Mathematics: science or art?

  • Interview

First publication date: 08/06/2023


The conference on Finite and Residually Finite Groups will be taking place in Bilbao from June 20-23. It is jointly organised by the University of the Basque Country (UPV/EHU), the University of Brasilia and the University of Padua to honour Professor Pavel Shumyatsky, currently visiting lecturer at the UPV/EHU, and will feature a large international group of speakers highly experienced in group theory. Apart from the academic papers, on Tuesday, 20 June, the prestigious mathematician Efim Zelmanov, winner of the Fields Medal, an international award for outstanding discoveries in mathematics, will be delivering a lecture entitled “What is Mathematics?” It is geared towards the general public and in it he will be discussing whether mathematics is a science or an art.

On the occasion of the conference, Iker de las Heras, researcher in the UPV/EHU’s Department of Mathematics, 2022 Reinhold Baer Prize winner and holder of a Marie Curie scholarship, interviewed none other than Pavel Shumyatsky, professor of the University of Brasilia; he is an international reference in the area of group theory and de las Heras has been collaborating closely with him. Professor Efim Zelmanov, professor of the Southern University of Science and Technology in China (SUSTech) and one of the world's leading researchers in the area of group theory was interviewed together with Shumyatsky.

When asked how long they had known each other, the two professors from the former Soviet Union laugh knowingly: “Since always,” they reply. They actually met in the late 1980s at a lecture on the restricted Burnside problem given by Zelmanov when Shumyatsky was still a pre-doctoral student.

Relationship with mathematics during childhood

Shumyatsky does not remember having a particular preference for mathematics during his childhood, “although I used to play chess, a game considered to be mathematical. So I have probably always been secretly in love with mathematics”. Zelmanov, however, admits that for a long time he has liked thinking about difficult mathematical problems. “I was lucky to have a very good maths teacher who encouraged and helped me.
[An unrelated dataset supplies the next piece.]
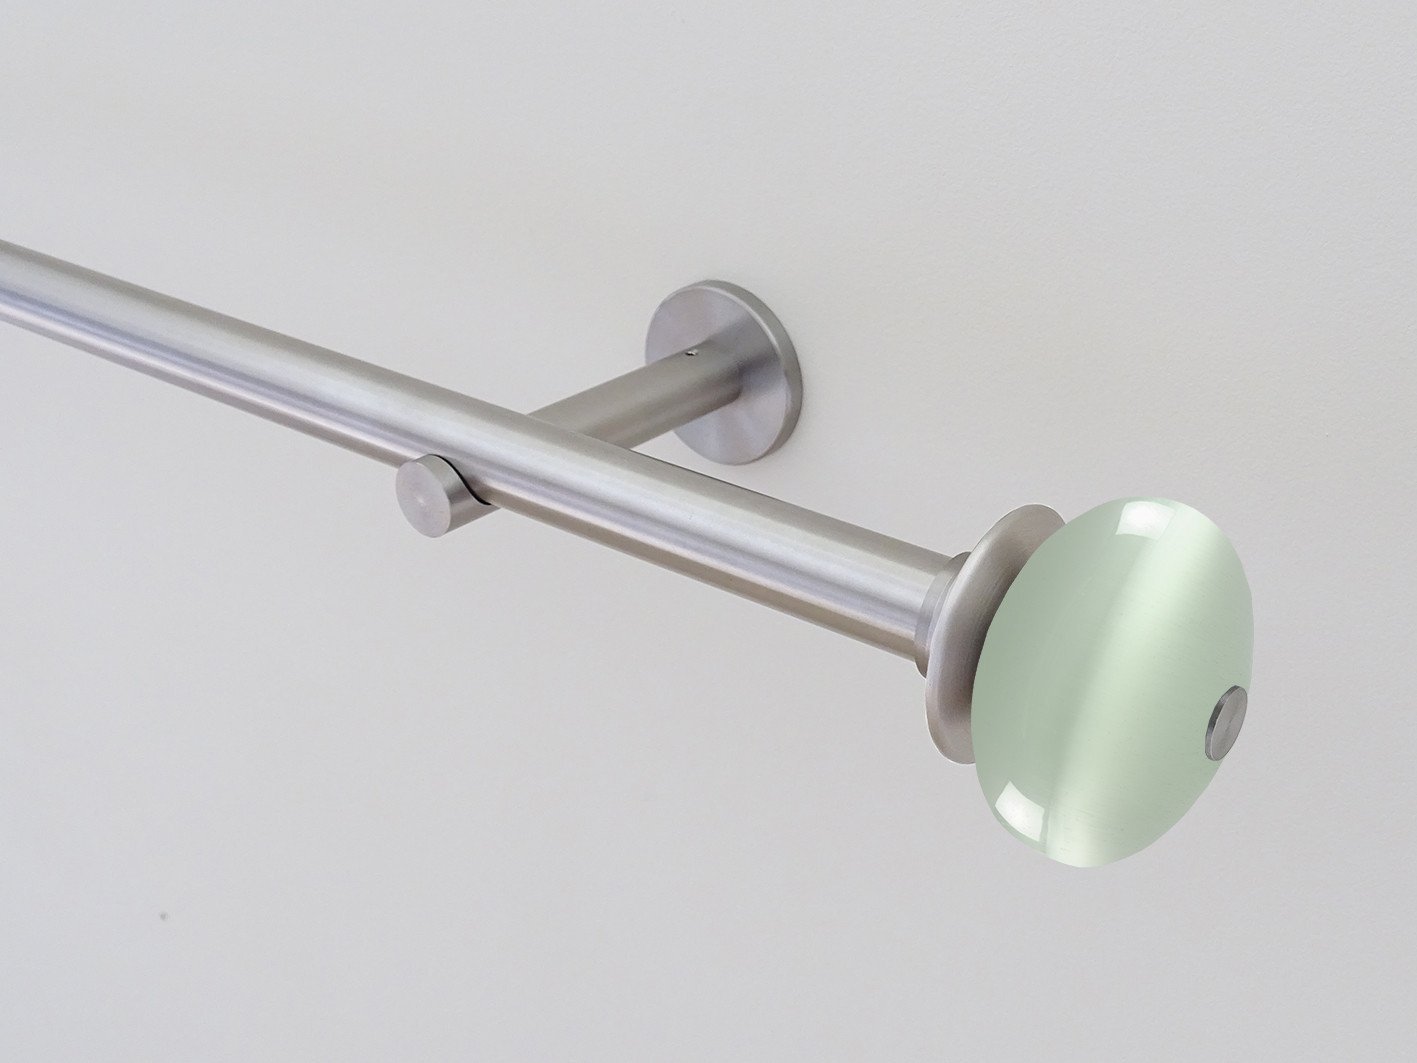 19mm stainless steel curtain pole set with glass moonstone finials in opal

What is more, in the former Soviet Union, being a mathematics or physics teacher was the most prestigious option, ahead of being an actor or a sportsperson.”

Influence on their careers as mathematicians

Zelmanov remembers his teachers Shirshov and Bokut of the former Soviet Union. However, “I never met Malcev, but he also had a great influence on my work. And in the United States, I would say Jacobson. Jacobson was a colossus in our area of mathematics. I later became his official successor at Yale University. I moved into his study.” Shumyatsky admits that his teachers were not famous mathematicians, “but they were good teachers. One of the mathematicians who really influenced me was Brian Hartley, at that time a great expert in group theory. Now I reckon people probably won’t know much about his work. Efim's work has made quite an impact on me. My mathematical interests are very closely related to that.”

Choice of subjects to investigate

The two professors agree that everyone has “a list of difficult problems that accompany us throughout our lives”, but that, nevertheless, they cannot work on all of them “because the question is whether I have any possibilities”. Zelmanov stresses that “it is very important to choose a problem”, and underlines the importance of attending conferences like these. “At every conference, we listen to talks given by others, and perhaps unconsciously, we weigh them up, to see whether or not they can help us with the problems on our lists. We see what everyone else is interested in. Somehow, the interactions seem to find common interests. Sometimes it's also about personal chemistry: I like the talk, I like the person and I want to work with him/her”.

The future of mathematics

Zelmanov says, “Mathematics has never affected our daily lives as much as it does now. In a sense, we are entering the information revolution, which has its roots in mathematics and which emerged out of mathematics. Everyone understands this, which is why all students are required to take mathematics courses. So welcome to the bright future of mathematics”.